[Items from a dataset]
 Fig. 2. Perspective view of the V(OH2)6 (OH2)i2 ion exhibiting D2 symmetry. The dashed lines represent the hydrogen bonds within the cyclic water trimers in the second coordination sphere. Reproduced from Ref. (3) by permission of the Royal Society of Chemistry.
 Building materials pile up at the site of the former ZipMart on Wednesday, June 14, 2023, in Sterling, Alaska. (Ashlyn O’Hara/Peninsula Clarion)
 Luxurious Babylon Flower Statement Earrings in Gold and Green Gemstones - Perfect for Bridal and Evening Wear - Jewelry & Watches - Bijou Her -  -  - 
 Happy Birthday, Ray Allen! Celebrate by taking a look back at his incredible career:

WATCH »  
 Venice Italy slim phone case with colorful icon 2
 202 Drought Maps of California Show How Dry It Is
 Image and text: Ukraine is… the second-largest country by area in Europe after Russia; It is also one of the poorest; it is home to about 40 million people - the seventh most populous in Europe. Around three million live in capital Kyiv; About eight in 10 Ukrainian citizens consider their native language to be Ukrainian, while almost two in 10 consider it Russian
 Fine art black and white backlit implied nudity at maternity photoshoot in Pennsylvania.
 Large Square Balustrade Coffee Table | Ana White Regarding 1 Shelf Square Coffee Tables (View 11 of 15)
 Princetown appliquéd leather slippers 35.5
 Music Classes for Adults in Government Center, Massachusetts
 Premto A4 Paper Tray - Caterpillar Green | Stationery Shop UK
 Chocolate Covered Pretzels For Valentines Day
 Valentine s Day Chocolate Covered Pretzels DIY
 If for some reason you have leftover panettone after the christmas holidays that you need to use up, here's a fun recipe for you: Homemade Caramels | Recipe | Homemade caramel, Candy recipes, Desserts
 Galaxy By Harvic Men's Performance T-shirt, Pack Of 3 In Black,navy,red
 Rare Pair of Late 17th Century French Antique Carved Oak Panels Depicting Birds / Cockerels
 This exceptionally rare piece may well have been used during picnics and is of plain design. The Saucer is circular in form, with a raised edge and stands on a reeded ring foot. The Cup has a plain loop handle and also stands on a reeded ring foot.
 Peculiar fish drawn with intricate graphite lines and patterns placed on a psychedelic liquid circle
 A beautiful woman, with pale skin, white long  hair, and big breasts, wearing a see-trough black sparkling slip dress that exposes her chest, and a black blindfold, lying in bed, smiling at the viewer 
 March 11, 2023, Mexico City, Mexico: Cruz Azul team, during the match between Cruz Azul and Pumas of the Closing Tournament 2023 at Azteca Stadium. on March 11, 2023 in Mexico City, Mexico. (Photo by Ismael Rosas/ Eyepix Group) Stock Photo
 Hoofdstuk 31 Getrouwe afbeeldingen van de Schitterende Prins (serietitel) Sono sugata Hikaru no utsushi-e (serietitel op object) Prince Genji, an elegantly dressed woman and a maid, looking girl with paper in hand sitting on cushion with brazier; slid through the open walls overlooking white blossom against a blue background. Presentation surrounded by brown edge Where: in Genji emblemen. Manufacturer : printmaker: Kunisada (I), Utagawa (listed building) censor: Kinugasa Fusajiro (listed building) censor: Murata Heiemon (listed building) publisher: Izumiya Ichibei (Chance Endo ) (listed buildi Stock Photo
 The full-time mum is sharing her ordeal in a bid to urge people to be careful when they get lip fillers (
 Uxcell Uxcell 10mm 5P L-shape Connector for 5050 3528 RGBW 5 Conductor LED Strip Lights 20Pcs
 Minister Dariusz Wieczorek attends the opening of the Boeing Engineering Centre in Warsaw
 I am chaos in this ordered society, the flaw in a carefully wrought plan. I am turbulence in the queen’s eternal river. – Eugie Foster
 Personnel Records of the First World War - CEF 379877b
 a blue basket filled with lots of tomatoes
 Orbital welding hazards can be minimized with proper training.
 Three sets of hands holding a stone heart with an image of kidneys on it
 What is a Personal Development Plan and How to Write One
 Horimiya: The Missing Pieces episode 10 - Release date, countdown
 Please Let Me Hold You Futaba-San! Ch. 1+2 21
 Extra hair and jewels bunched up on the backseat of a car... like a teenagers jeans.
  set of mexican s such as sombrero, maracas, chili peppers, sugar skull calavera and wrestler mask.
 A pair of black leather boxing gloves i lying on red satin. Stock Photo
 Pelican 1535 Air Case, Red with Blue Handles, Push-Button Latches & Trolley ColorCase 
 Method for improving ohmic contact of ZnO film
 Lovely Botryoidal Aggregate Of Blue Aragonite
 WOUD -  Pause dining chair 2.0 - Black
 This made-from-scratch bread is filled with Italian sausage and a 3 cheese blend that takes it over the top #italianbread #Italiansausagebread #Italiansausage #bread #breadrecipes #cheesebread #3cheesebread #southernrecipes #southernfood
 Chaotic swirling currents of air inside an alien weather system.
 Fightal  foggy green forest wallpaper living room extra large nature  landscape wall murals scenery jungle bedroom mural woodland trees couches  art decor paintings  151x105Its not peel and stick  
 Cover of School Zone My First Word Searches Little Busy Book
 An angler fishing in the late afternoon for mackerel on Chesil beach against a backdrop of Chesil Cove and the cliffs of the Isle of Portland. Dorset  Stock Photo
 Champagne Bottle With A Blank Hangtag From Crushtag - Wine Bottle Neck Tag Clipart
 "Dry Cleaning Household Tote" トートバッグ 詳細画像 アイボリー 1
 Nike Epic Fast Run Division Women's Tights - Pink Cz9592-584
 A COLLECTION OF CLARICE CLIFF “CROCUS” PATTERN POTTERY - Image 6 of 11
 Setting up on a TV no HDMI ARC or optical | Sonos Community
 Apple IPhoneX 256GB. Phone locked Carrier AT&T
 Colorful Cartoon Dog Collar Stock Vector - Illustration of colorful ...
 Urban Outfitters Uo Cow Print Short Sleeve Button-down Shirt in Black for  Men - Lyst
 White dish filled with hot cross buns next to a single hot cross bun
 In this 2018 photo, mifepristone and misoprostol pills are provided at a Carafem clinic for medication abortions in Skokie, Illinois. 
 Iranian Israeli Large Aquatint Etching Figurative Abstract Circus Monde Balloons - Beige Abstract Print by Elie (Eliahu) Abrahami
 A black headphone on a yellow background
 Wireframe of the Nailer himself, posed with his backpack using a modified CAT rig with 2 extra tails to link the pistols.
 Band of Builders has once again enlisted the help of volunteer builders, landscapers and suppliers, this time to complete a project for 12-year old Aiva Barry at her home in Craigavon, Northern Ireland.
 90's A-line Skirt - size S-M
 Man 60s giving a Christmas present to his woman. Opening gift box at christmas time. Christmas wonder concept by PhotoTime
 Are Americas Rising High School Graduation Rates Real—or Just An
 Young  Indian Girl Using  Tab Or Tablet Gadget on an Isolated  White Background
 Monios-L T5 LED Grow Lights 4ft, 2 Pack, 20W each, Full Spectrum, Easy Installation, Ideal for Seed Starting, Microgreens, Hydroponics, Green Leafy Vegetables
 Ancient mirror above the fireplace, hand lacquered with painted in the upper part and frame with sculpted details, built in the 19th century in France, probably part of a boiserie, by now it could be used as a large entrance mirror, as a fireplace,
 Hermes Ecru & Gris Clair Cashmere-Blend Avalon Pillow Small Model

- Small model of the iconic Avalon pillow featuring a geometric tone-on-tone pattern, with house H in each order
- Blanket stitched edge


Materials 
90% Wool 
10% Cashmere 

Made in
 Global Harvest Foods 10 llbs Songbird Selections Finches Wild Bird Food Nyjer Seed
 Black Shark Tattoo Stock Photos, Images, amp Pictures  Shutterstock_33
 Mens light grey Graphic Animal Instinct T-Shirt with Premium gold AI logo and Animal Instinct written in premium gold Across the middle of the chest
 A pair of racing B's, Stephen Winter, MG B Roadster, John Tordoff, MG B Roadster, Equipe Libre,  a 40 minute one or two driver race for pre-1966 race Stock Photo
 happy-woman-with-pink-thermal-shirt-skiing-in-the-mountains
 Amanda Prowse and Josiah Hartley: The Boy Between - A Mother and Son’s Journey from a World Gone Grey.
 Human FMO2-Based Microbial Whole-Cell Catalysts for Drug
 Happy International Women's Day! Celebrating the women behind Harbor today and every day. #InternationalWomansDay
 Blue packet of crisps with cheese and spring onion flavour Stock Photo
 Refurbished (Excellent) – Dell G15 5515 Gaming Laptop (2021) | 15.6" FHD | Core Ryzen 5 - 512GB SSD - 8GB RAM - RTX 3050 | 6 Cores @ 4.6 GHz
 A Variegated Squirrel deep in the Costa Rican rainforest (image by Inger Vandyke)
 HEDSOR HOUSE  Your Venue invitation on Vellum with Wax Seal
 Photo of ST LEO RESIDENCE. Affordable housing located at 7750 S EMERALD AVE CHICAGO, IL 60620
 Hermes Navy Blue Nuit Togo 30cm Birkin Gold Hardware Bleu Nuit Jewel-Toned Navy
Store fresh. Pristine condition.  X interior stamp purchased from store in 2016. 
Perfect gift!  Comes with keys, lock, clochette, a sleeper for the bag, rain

ACTIVITY —
Please return the span of lines above that opens with the one containing "happy-woman-with-pink-thermal-shirt-skiing-in-the-mountains" and closes with the final line, both included, exactly as written and nothing more.

WRITTEN ANSWER —
 happy-woman-with-pink-thermal-shirt-skiing-in-the-mountains
 Amanda Prowse and Josiah Hartley: The Boy Between - A Mother and Son’s Journey from a World Gone Grey.
 Human FMO2-Based Microbial Whole-Cell Catalysts for Drug
 Happy International Women's Day! Celebrating the women behind Harbor today and every day. #InternationalWomansDay
 Blue packet of crisps with cheese and spring onion flavour Stock Photo
 Refurbished (Excellent) – Dell G15 5515 Gaming Laptop (2021) | 15.6" FHD | Core Ryzen 5 - 512GB SSD - 8GB RAM - RTX 3050 | 6 Cores @ 4.6 GHz
 A Variegated Squirrel deep in the Costa Rican rainforest (image by Inger Vandyke)
 HEDSOR HOUSE  Your Venue invitation on Vellum with Wax Seal
 Photo of ST LEO RESIDENCE. Affordable housing located at 7750 S EMERALD AVE CHICAGO, IL 60620
 Hermes Navy Blue Nuit Togo 30cm Birkin Gold Hardware Bleu Nuit Jewel-Toned Navy
Store fresh. Pristine condition.  X interior stamp purchased from store in 2016. 
Perfect gift!  Comes with keys, lock, clochette, a sleeper for the bag, rain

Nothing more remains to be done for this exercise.